Canadian Resistance In The West: Chester Brown’s Louis Riel

Louis Riel by Chester Brown

This is the first review from our new Books Editor, Anabelle Bernard Fournier. Welcome our newest Cryptospherian, a freelance writer who hails from Victoria, British Columbia.

Even though we think of ourselves as a relatively peaceful nation, there’s a lot of struggle, underpinned by violence, in Canada’s history.

For the non-Canadians among you, here’s a history crash course.

In 1867, four provinces (Ontario, Québec, New Brunswick and Nova Scotia) became the country known as Canada. This process, known up here as the Confederation, was led by politician John A. MacDonald (who was elected our first Prime Minister). The other provinces remained separate British colonies until they joined later–the last one to do so was Newfoundland, in 1949.

But a lot of the country-making process did not go peacefully. Québec was mostly French-speaking, leading to cultural and linguistic struggles, while the territory west of Ontario was mostly inhabited by an Indian and Métis population, interspersed with a few British or French colonies along rivers.

One of the main obstacles to John A. MacDonald’s project to expand Canada from coast to coast through a railroad were two rebellions in Manitoba, called the Red River and the North-West Rebellions, both led by intellectual, politician and exile Louis Riel, a French-speaking Métis.


 

Having been born east of the Manitoba border, I’d only really learned the basics about Louis Riel’s rebellion. He rebelled, he got caught, he was hanged. That’s about it.

But the history of Riel’s resistance and rebellion is more complex and interesting than a simple uprising.

Chester Brown’s 2006 Louis Riel: A Comic-Strip Biography covers the life of this historically important Métis rebel and/or, depending on your point of view, traitor to Canada.

The graphic format

Brown admits up front that the graphic novel format didn’t leave him free to deal with the story in all its complexity. He compressed some events, changed the people involved in some cases and made up some bits and pieces for the sake of the story. (Extensive notes at the end of the book provide corrections for such inaccuracies.)

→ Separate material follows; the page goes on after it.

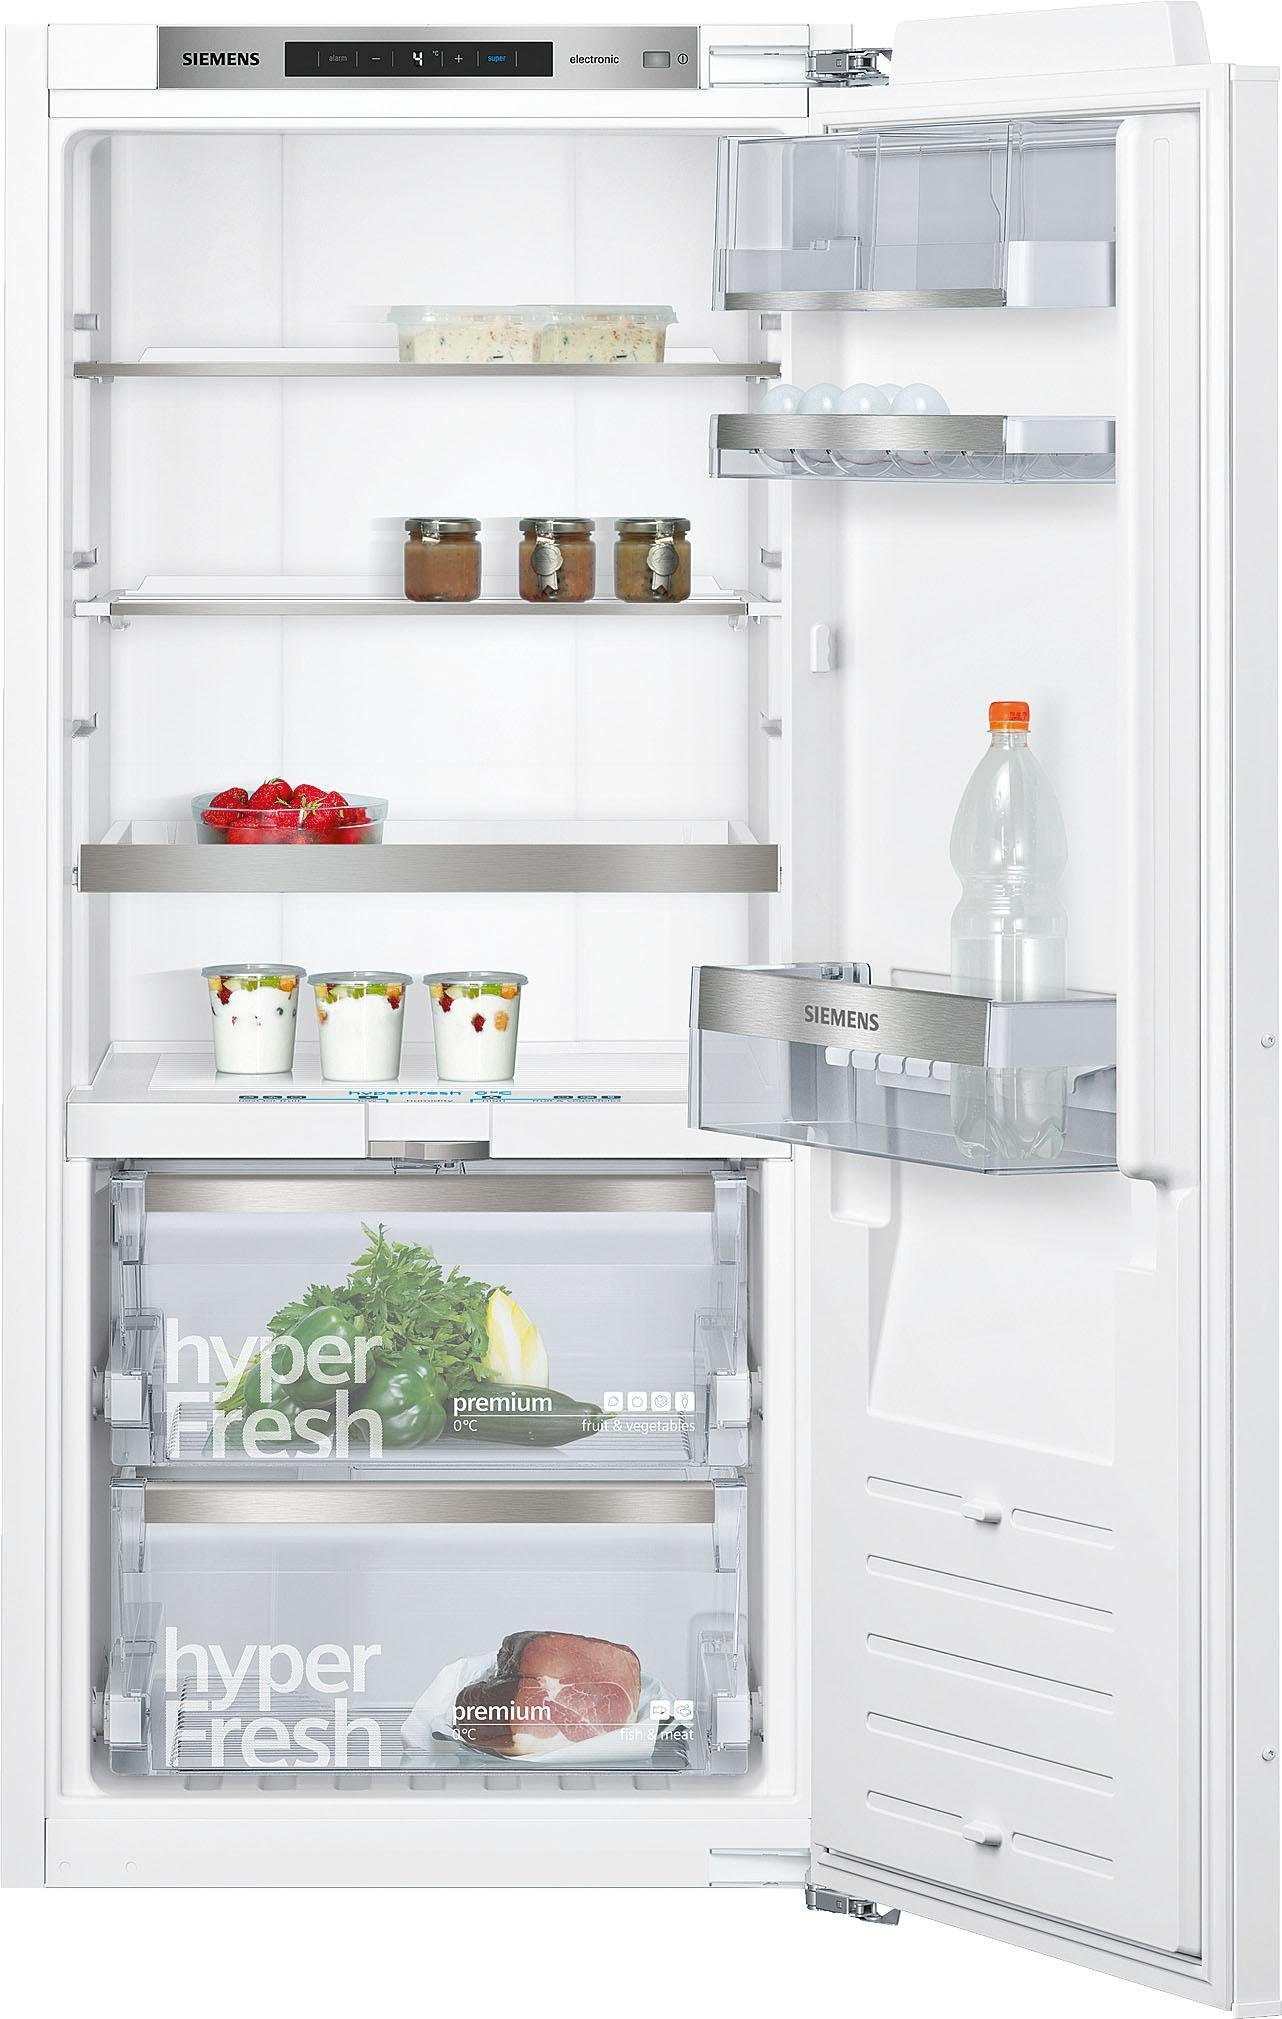 SIEMENS Einbaukühlschrank KI41FAD30, 122,1 cm hoch, 55,8 cm breit, A++, 122,1 cm hoch, integrierbar

But these liberties Brown takes with history do not diminish the strength of the narrative. Louis Riel is the story of a Montréal-educated Métis young man who returns to his home to find out that the Canadian government has been eyeing his people’s territory. Intent on protecting the rights and land of his people, the French-speaking Métis of the Red River colony (now Winnipeg), he begins his work in the most peaceful way possible: a democratically elected government to represent his people.

But things, as history shows, don’t go as planned.

This could be a dry, complicated history book. But the graphic format makes it easy to follow and understand, despite the above-mentioned issues with historical truth and continuity. Brown translates the complex social-political context of the Riel rebellion into a riveting historical narrative using dialogue and visuals rather than the content you would expect in a historical volume.

Making history come alive

Brown’s Louis Riel makes history come alive. It wasn’t just dates and treatises and letters. It was people will real stakes–their land, their way of life, their language–against a political and colonization machine with its own will and stakes.

The book is definitely sympathetic to Riel, even though he still is a human being with flaws. The author seems to sympathize with the Red River settlements’ plight and Riel’s ultimate goal to secure land and freedom for his people. Brown does his best to highlight the unfairness of Canada’s treatment of Riel’s people and avoids an uncritical celebration of the Confederation. Our country came together at a cost.

But that doesn’t mean that the book is completely blind to the controversy around Riel’s leadership. The most contentious issue is, of course, his claim to messianic knowledge. After a time in Washington, DC, Riel climbs a mountain and claims to receive a message from God. Whether or not Riel was insane is still in question today, and we’ll probably never know–but his religious calling definitely drove his mission for the latter part of his life.

Resistance and the meaning of Canadian citizenship

The book reflects on the role and meaning of resistance in Canadian history and for Canadian citizenship. Riel, after all, helped negotiate the entrance of Manitoba in the country, despite the fact that the federal government basically reneged on all its promises–or at least stalled long enough for them to mean nothing anymore. He was also elected several times to the House of Commons, only to never be able to take his seat because of the threats against his life.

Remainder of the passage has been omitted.